In June this year, the Department for Education published new guidance for how to communicate with parents about low attendance, prioritising schools and parents working ‘together as partners’.
But while the guidance highlighted the importance of building relationships with families, it also warned that schools must ‘make sure parents understand what is expected of them by regularly communicating the school policy, thresholds and their legal responsibilities’.
Education secretary Bridget Phillipson said: “Improving attendance is everyone’s responsibility. That’s why we’re giving schools better tools to identify problems early and work with families to address them, while encouraging parents to play their part in building strong attendance habits.”
Despite many schools placing a greater focus on family support, Costello warns that the ongoing threat of fines and prosecution continues to drive a lack of engagement between schools, children, and parents.
By 2025, the number of penalty notices issued for absences had increased by nearly 50% on pre-pandemic levels.
“We know that the stick isn’t working. And actually, it is driving disengagement, withdrawal, and distrust. The support is definitely there, but it’s very time limited and it varies,” Costello said.
“We know that the schools that are really focussing on relationships and connections between adults and children, learning improves, attainment improves, and attendance improves.”
O’Regan added it is vital for students to build positive relationships with adults and feel that their needs are met in school in order to tackle absenteeism.
She said: “It’s about school culture, as well as interventions. If we get the culture right in the first place, we don’t need as many interventions.
“You want to make those young people feel engaged, like they belong, and like their education is worth something.”
But while O’Regan sees early action on attendance issues is vital, she says that many schools often do not have the resources to address emerging concerns.
“School is an ecosystem,” she added.
“There’s going to be a whole host of things that come into play their like transport, like social services, and reducing the CAMHS [Child and Adolescent Mental Health Services] waiting list.
“We either need to give schools more resources if they’re going to deliver a broader remit, or we need to not give them more and more and more things to do.”
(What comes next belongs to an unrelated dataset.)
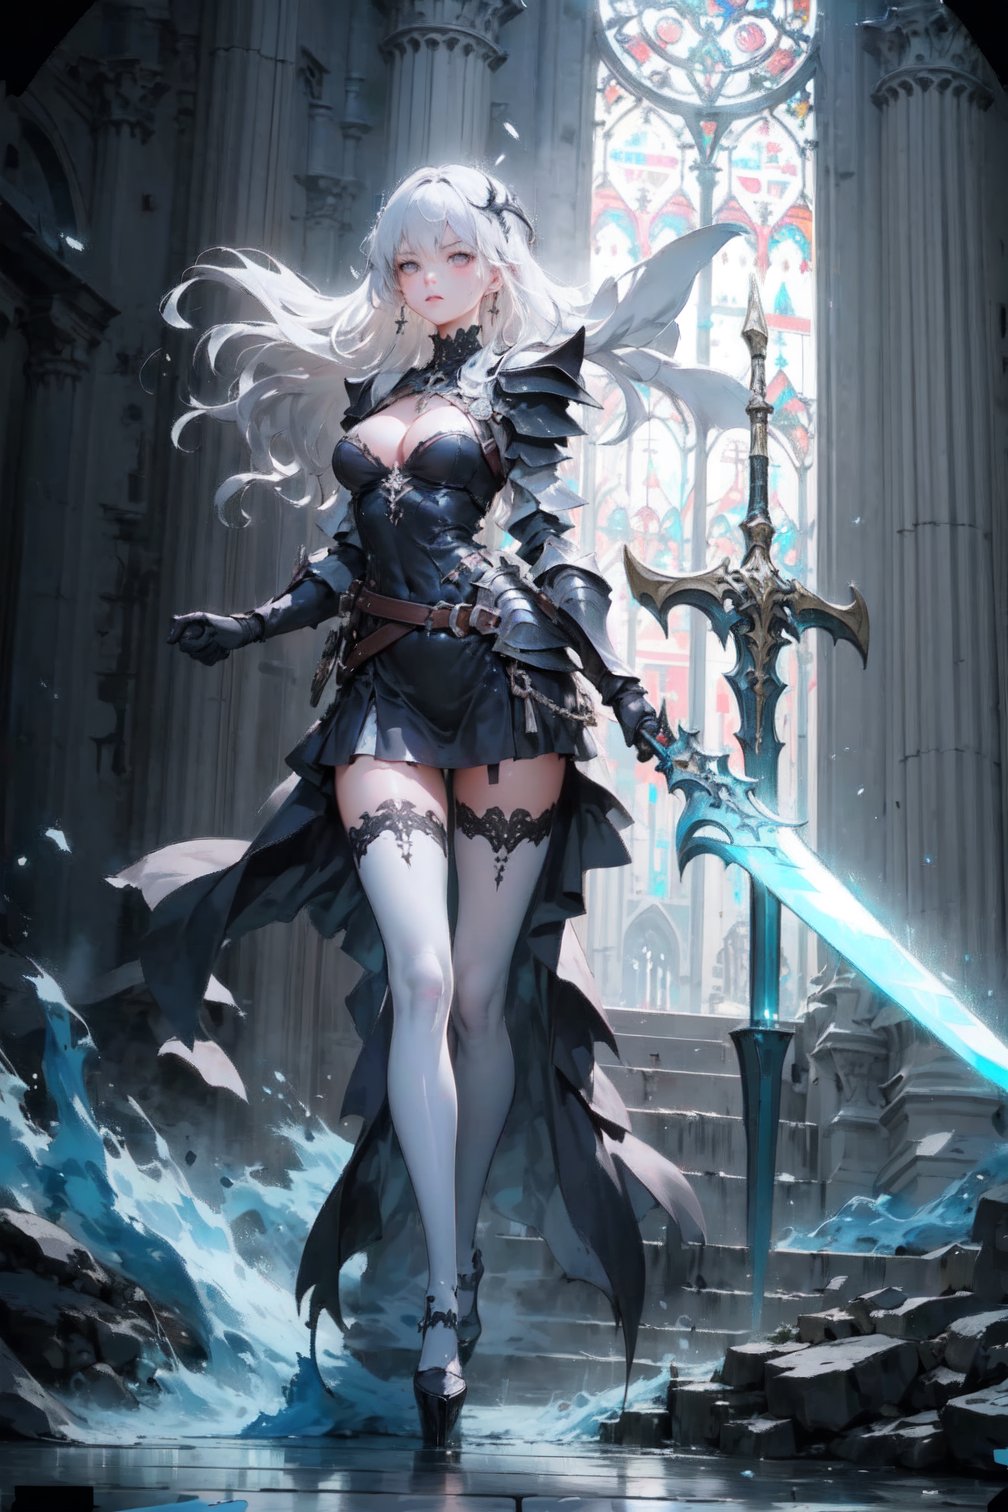 Anigame, vivid, raw, uhd, 8k, hires, 1girl, solo, full_body, cleavage, long dress, very_long_hair, 21years old, levitating, dash jumping, (floating in the air)), sharp image, ((black_full_armor)), (((pointing with blade with two hands towards alter))), ((glowing blade)), lava, soul, demon, death, knight, fights monsters, bright_light, dark_light, action side view, active, queen, supernatural, beauty, sexy, random background, neon lights, (fit in the frame)dynamic_angle, large_breasts, dynamic_lighting, dynamic_action, cleavage, (dynamic pose), ((see_through)), string, minimal fabric ,clothes_tearing, dynamic effects, water, magic, thigh_gap, slim_body, slim_thigh, sorcerer ,Anigame ,pastelbg, legs_open, detailed_face, impossible_fit, fit_in_frame, full_body, sfw, facing_viewer,side_view,highres,More Detail, UHD,High detailed ,Color Booster,realistic,girl, pastelbg, beautiful_background, ((in the holy cathedral)),perfect light

For Costello, the case for engaging with early warning signs is vital to stop children facing further barriers in school or dropping out of further education and employment pathways later in life.
She said: “It’s important to understand that we’re not expecting schools to know about the unknowns, but when families are starting to report it early, use that as a real opportunity to lean in and really consider what needs to happen.
“And sometimes that can feel like lifting the lid on Pandora’s box and everything unravels in front of you. But actually, it’s better than it unravels sooner rather than later.”
Support for families and students experiencing school absence can be found through Square Peg’s partner organisation Not Fine in Schools, as well as through local council websites.